So for example, in a 2 dimensional case, let T be a transformation such that T(u,v)=<x,y> then the Jacobian matrix of this function would look like this:
$ J(u,v)=\begin{bmatrix} \frac{\partial x}{\partial u} & \frac{\partial x}{\partial v} \\ \frac{\partial y}{\partial u} & \frac{\partial y}{\partial v} \end{bmatrix} $
This Jacobian matrix noticably holds all of the partial derivatives of the transformation with respect to each of the variables. Therefore each row contains how a particular output element changes with respect to each of the input elements. This means that the Jacobian matrix contains vectors that help describe how a change in any of the input elements affects the output elements.
To help illustrate making Jacobian matrices, let's do some examples:
Example #1:
What would be the Jacobian Matrix of this Transformation?

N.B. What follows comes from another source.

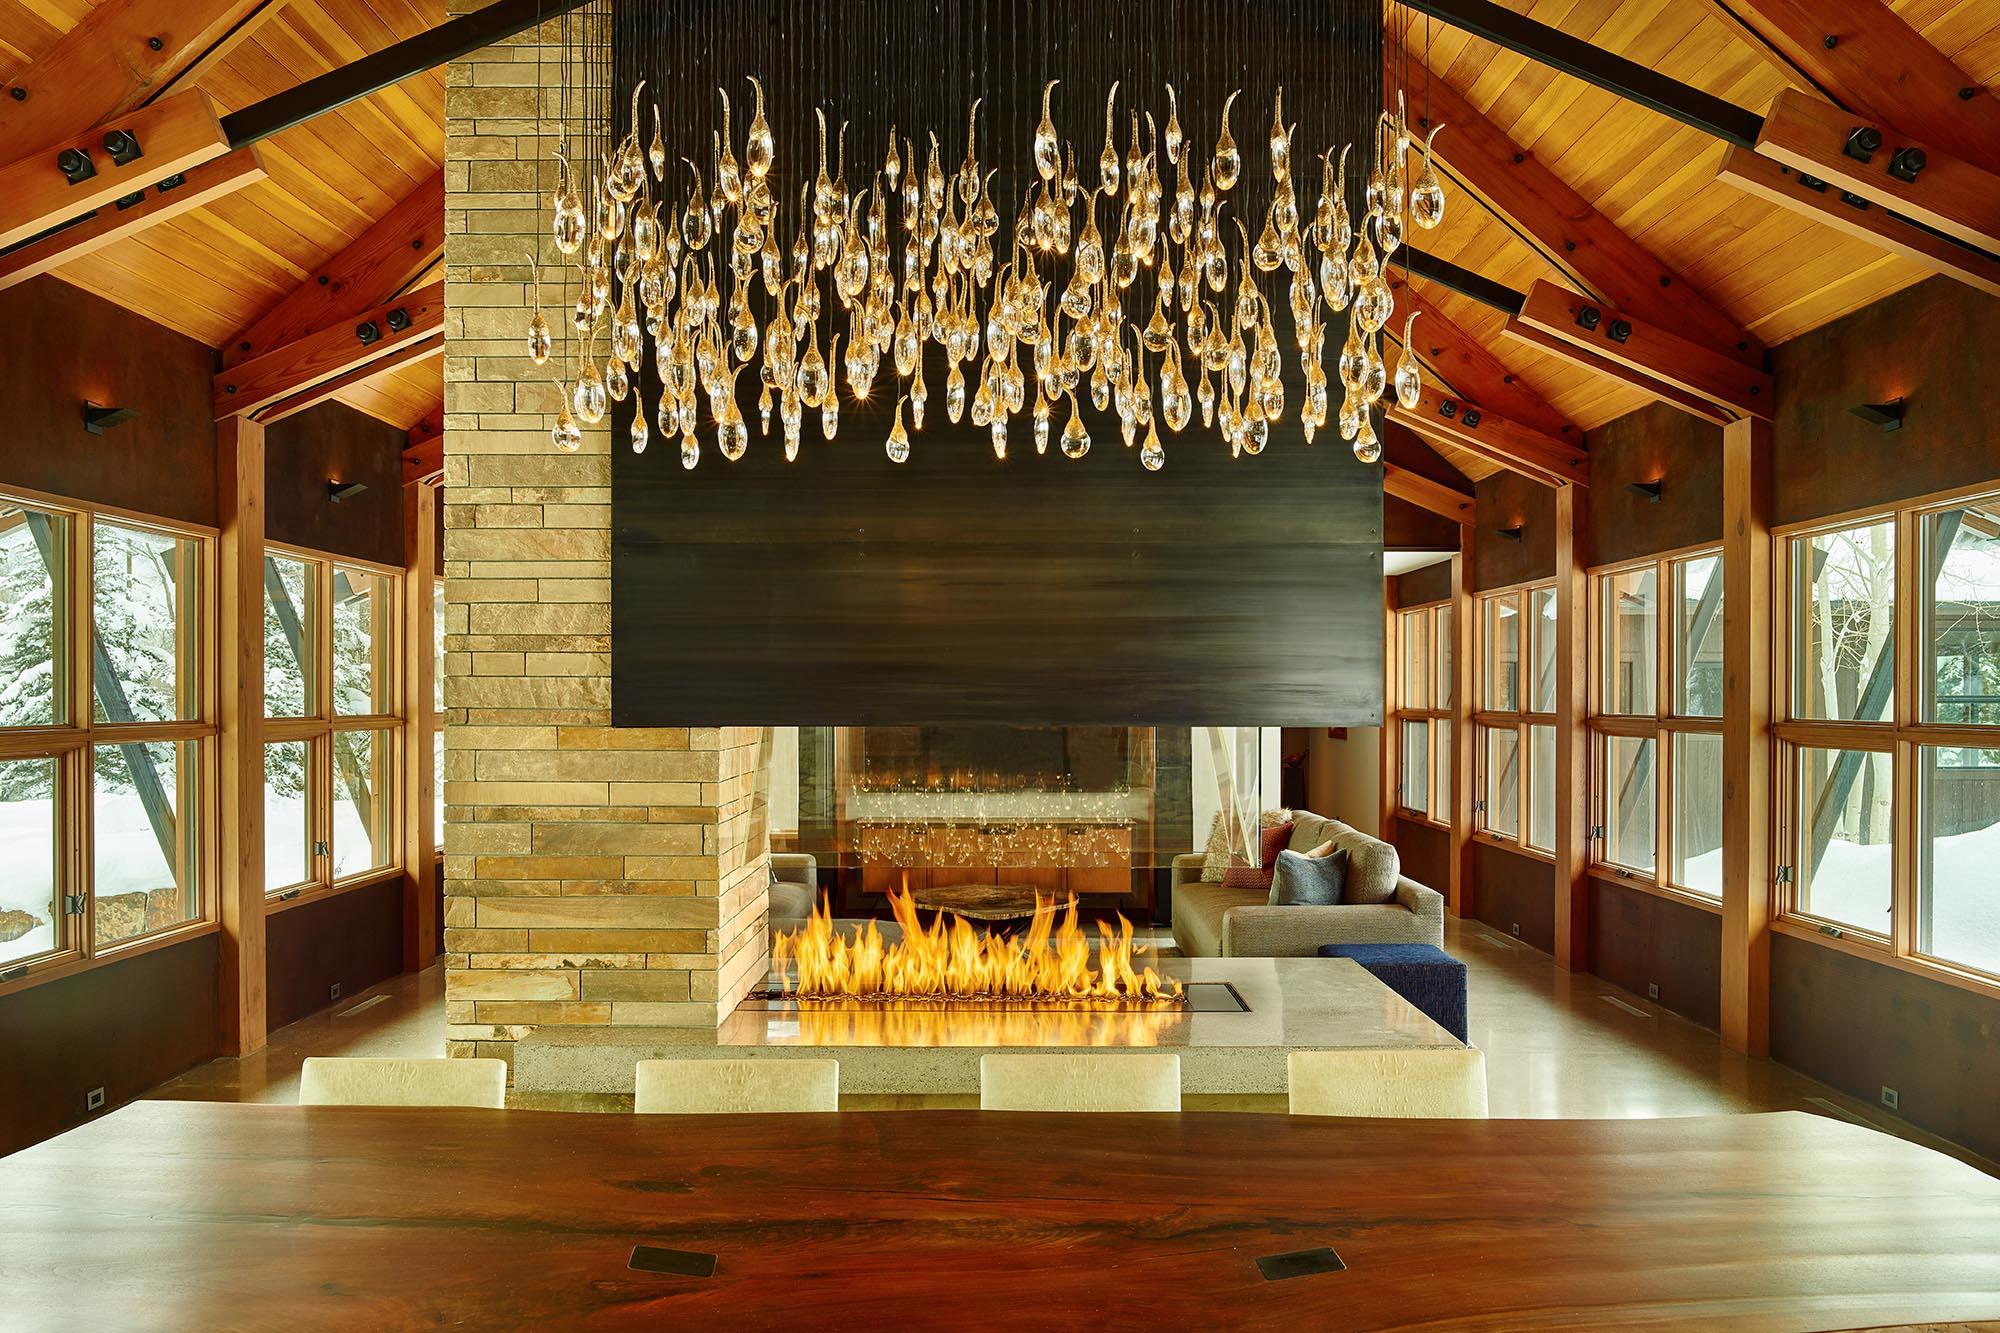 Wildernest Ranch - Jackson Hole Showcase of Homes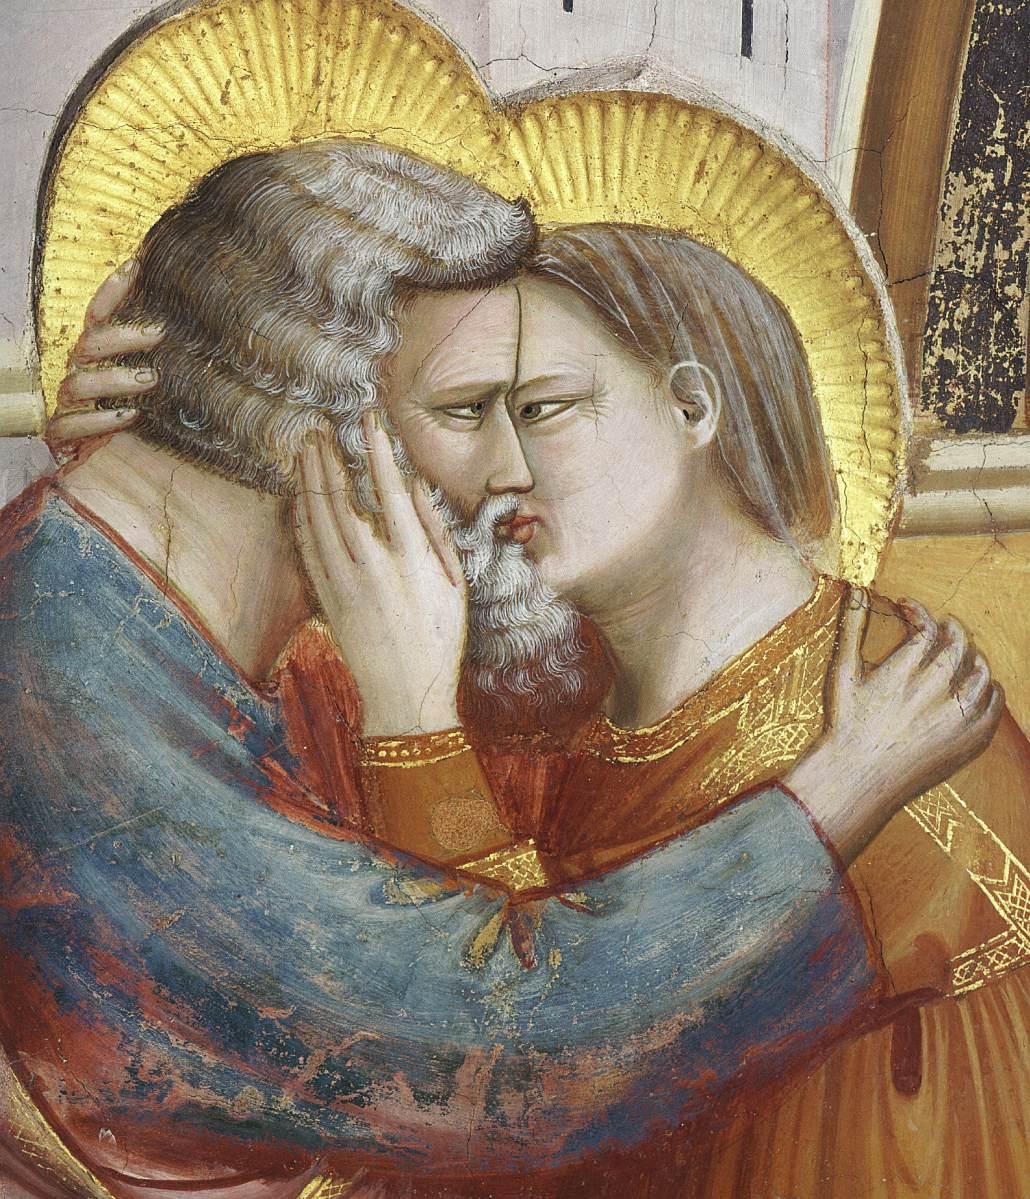 Giotto di Bondone, De ontmoeting bij de Gouden Poort (detail)a, Fresco, Cappella Scrovegni (Arenakapel), Padua

$ T(u,v) = <u\times \cos v, u\times \sin v> $ .
Solution:
$ x=u \times \cos v \longrightarrow \frac{\partial x}{\partial u}= \cos v , \; \frac{\partial x}{\partial v} = -u\times \sin v $
$ y=u\times\sin v \longrightarrow \frac{\partial y}{\partial u}= \sin v , \; \frac{\partial y}{\partial v} = u\times \cos v $
$ J(u,v)=\begin{bmatrix} \frac{\partial x}{\partial u} & \frac{\partial x}{\partial v} \\ \frac{\partial y}{\partial u} & \frac{\partial y}{\partial v} \end{bmatrix}= \begin{bmatrix} \cos v & -u\times \sin v \\ \sin v & u\times \cos v \end{bmatrix} $
Example #2:
What would be the Jacobian Matrix of this Transformation?
$ T(u,v) = <u, v, u^v>,u>0 $ .
Solution:
Notice, that this matrix will not be square because there is a difference in dimensions of the input and output, i.e. the transformation is not injective.
$ x=u \longrightarrow \frac{\partial x}{\partial u}= 1 , \; \frac{\partial x}{\partial v} = 0 $
$ y=v \longrightarrow \frac{\partial y}{\partial u}=0 , \; \frac{\partial y}{\partial v} = 1 $
$ z=u^v \longrightarrow \frac{\partial y}{\partial u}= u^{v-1}\times v, \; \frac{\partial y}{\partial v} = u^v\times ln(u) $
$ J(u,v)=\begin{bmatrix} \frac{\partial x}{\partial u} & \frac{\partial x}{\partial v} \\ \frac{\partial y}{\partial u} & \frac{\partial y}{\partial v} \\ \frac{\partial z}{\partial u} & \frac{\partial z}{\partial v} \end{bmatrix}= \begin{bmatrix} 1 & 0 \\ 0 & 1 \\ u^{v-1}\times v & u^v\times ln(u)\end{bmatrix} $
Example #3:
What would be the Jacobian Matrix of this Transformation?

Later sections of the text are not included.